[Data for the task]

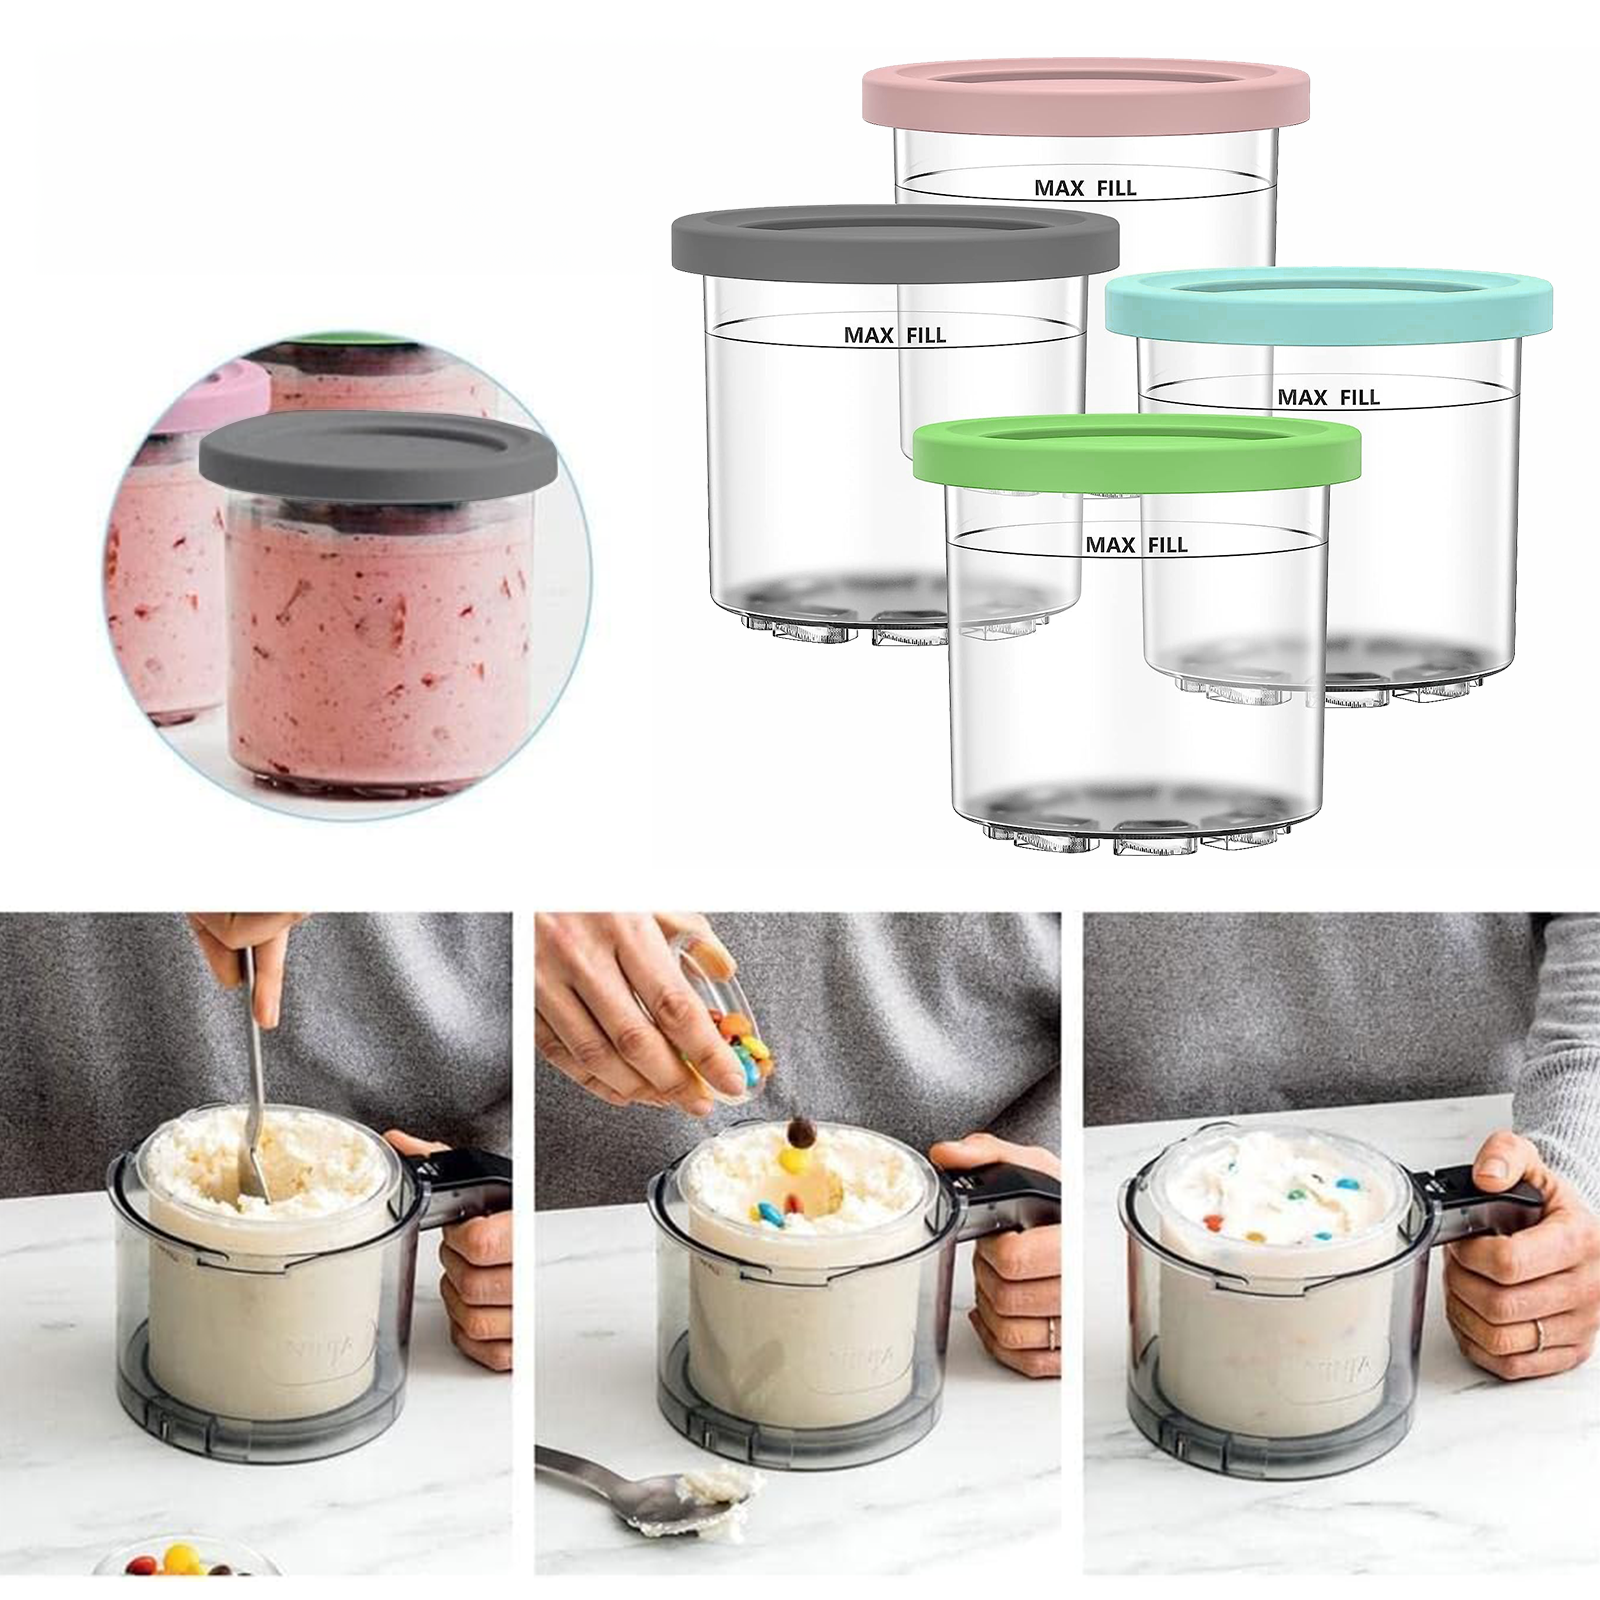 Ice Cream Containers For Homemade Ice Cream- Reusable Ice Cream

* * *

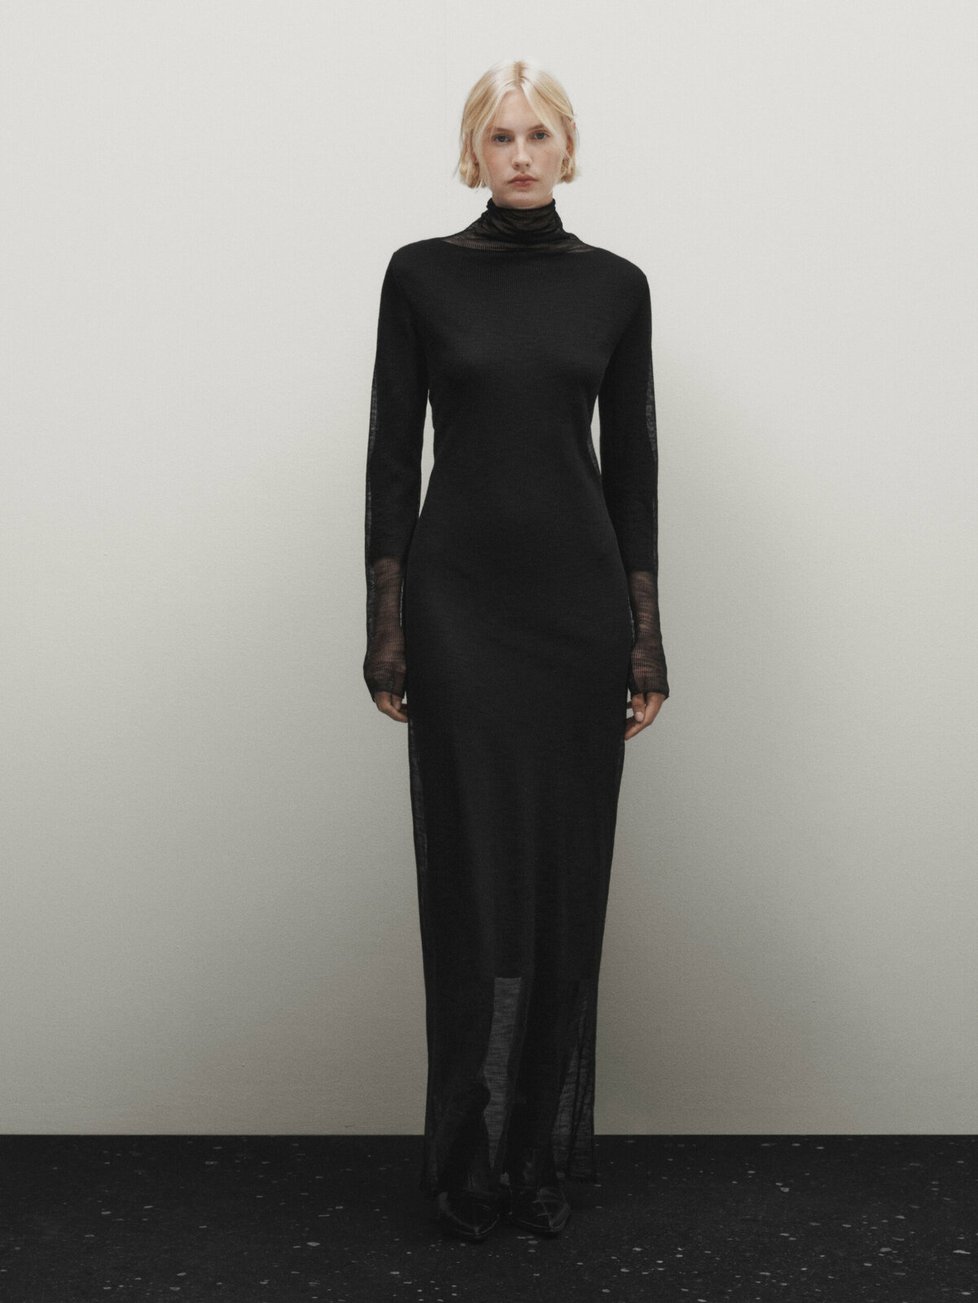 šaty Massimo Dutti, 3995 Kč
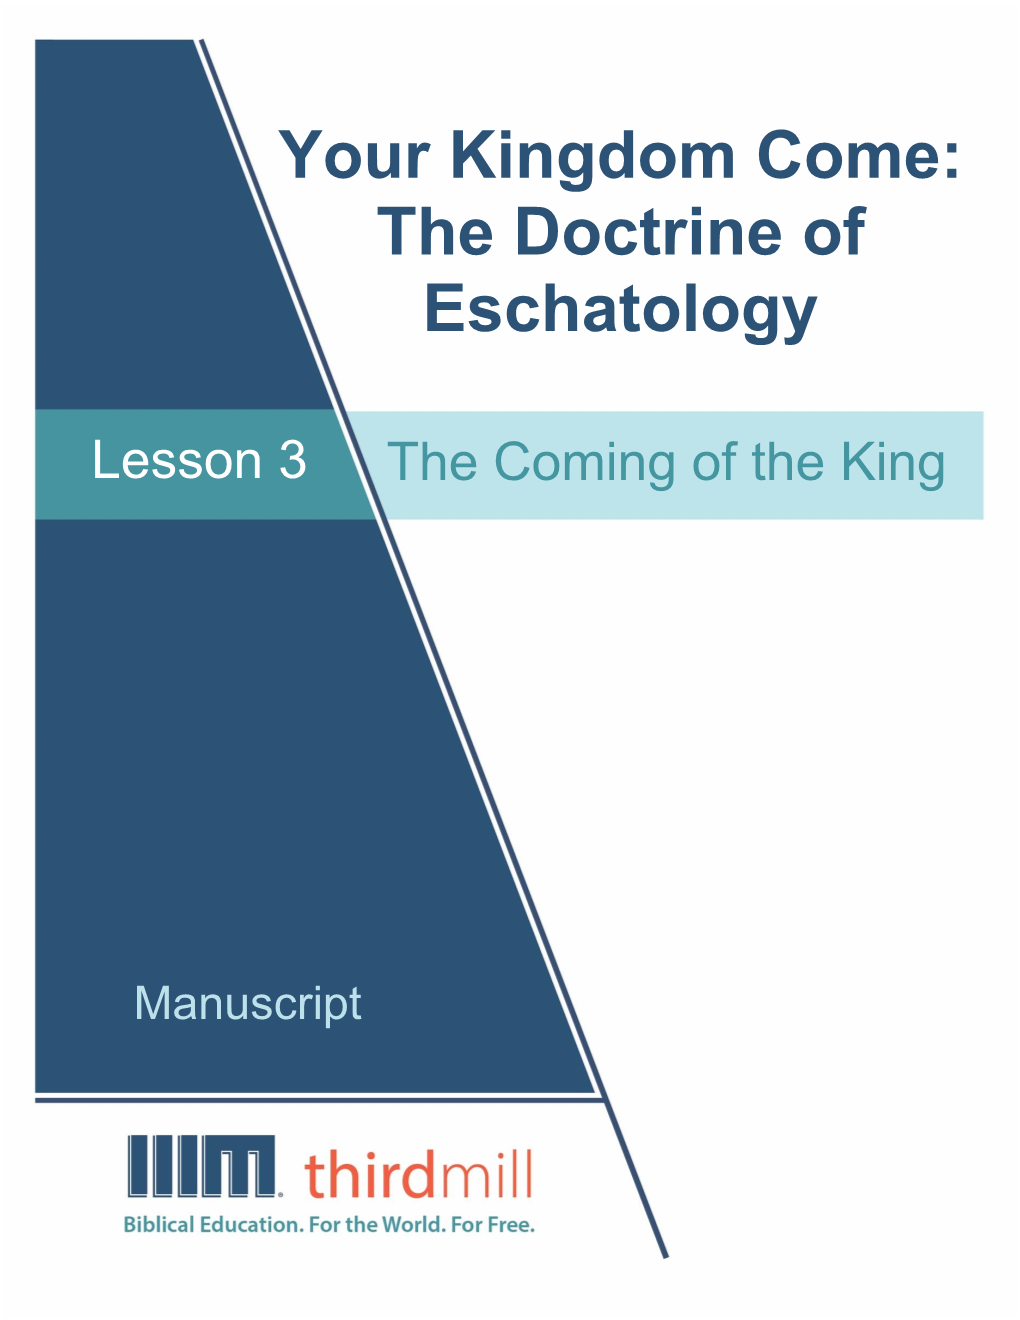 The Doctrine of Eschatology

==

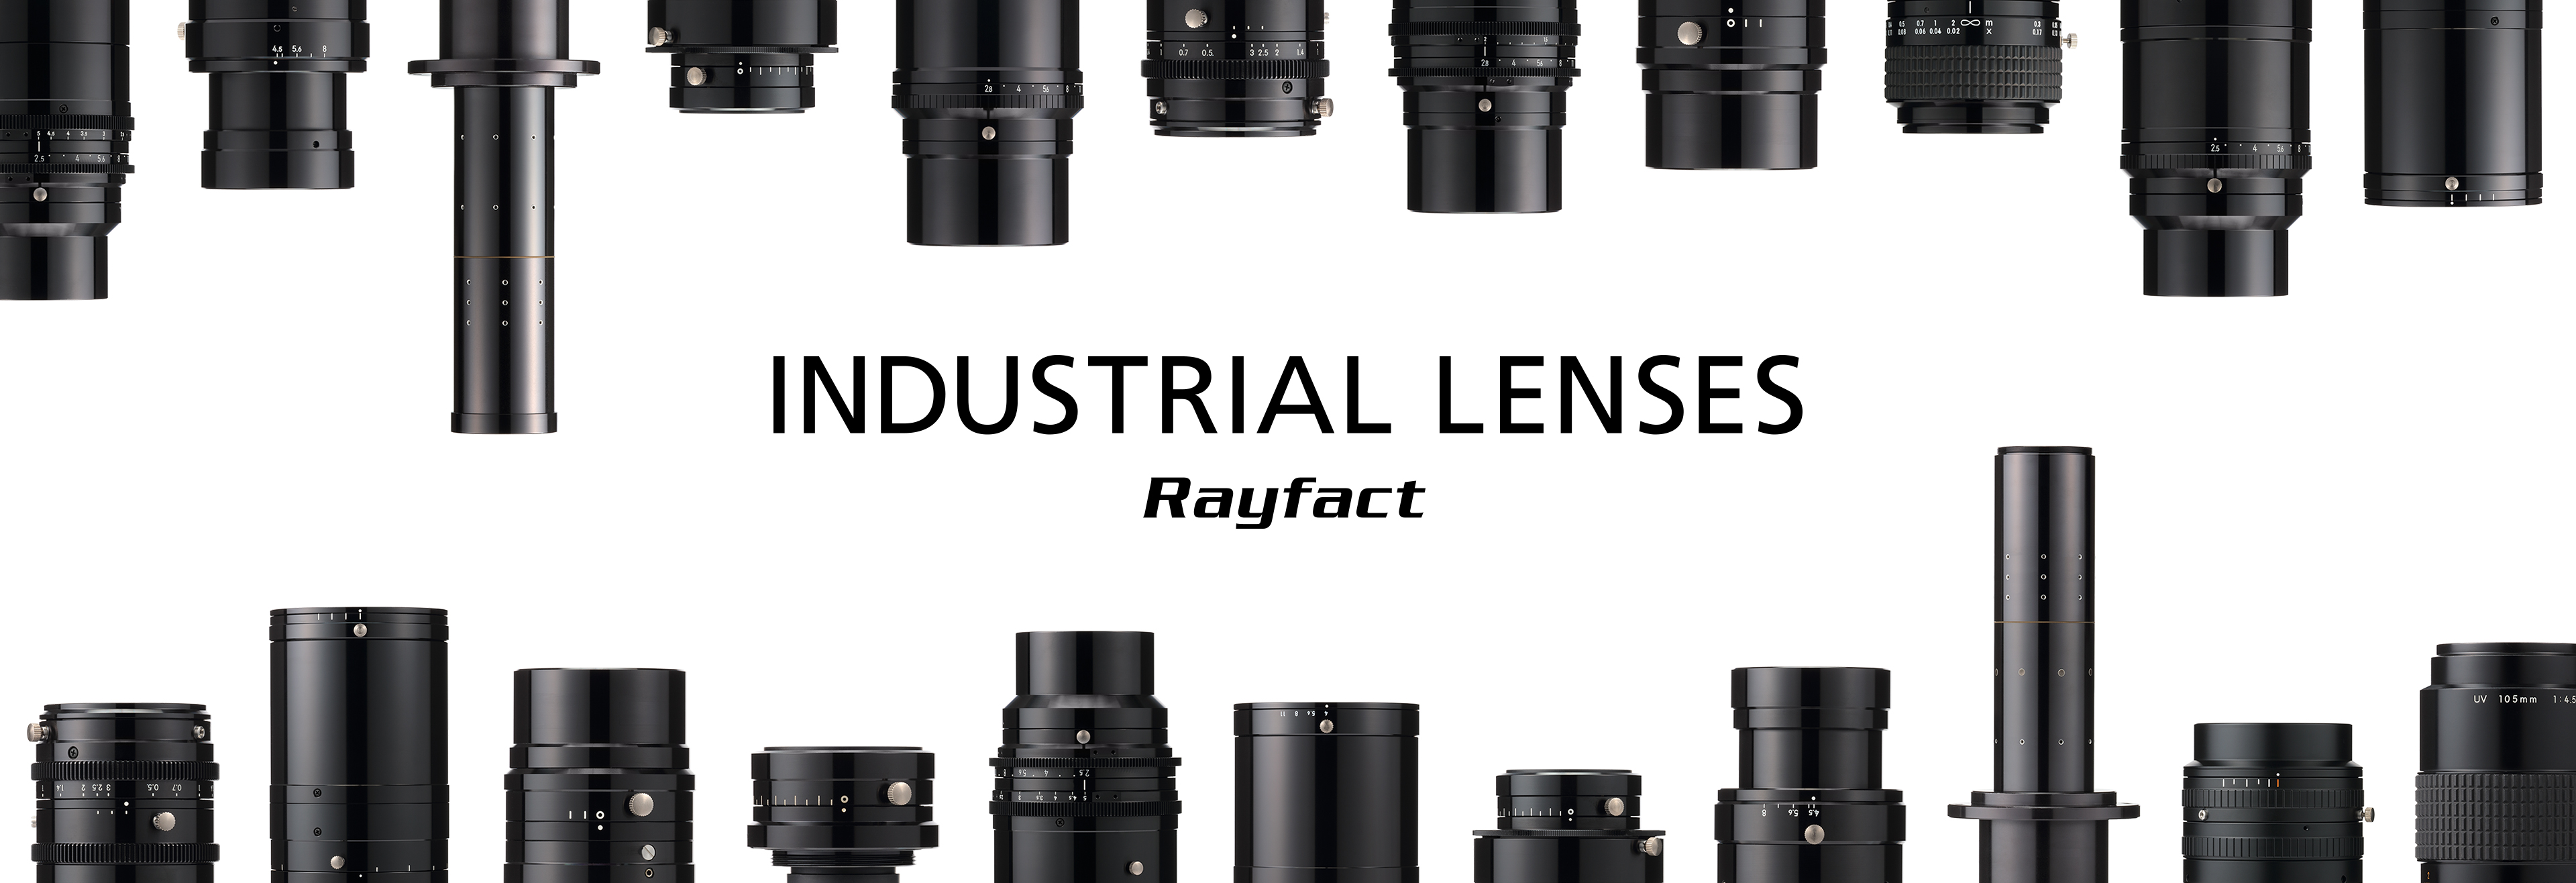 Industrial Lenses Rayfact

[What you are asked to do]
The answer is the lines of the material above, from the one containing "šaty Massimo Dutti, 3995 Kč" down to the one containing "The Doctrine of Eschatology", given exactly and without images.

[Result for this exercise]
 šaty Massimo Dutti, 3995 Kč
 The Doctrine of Eschatology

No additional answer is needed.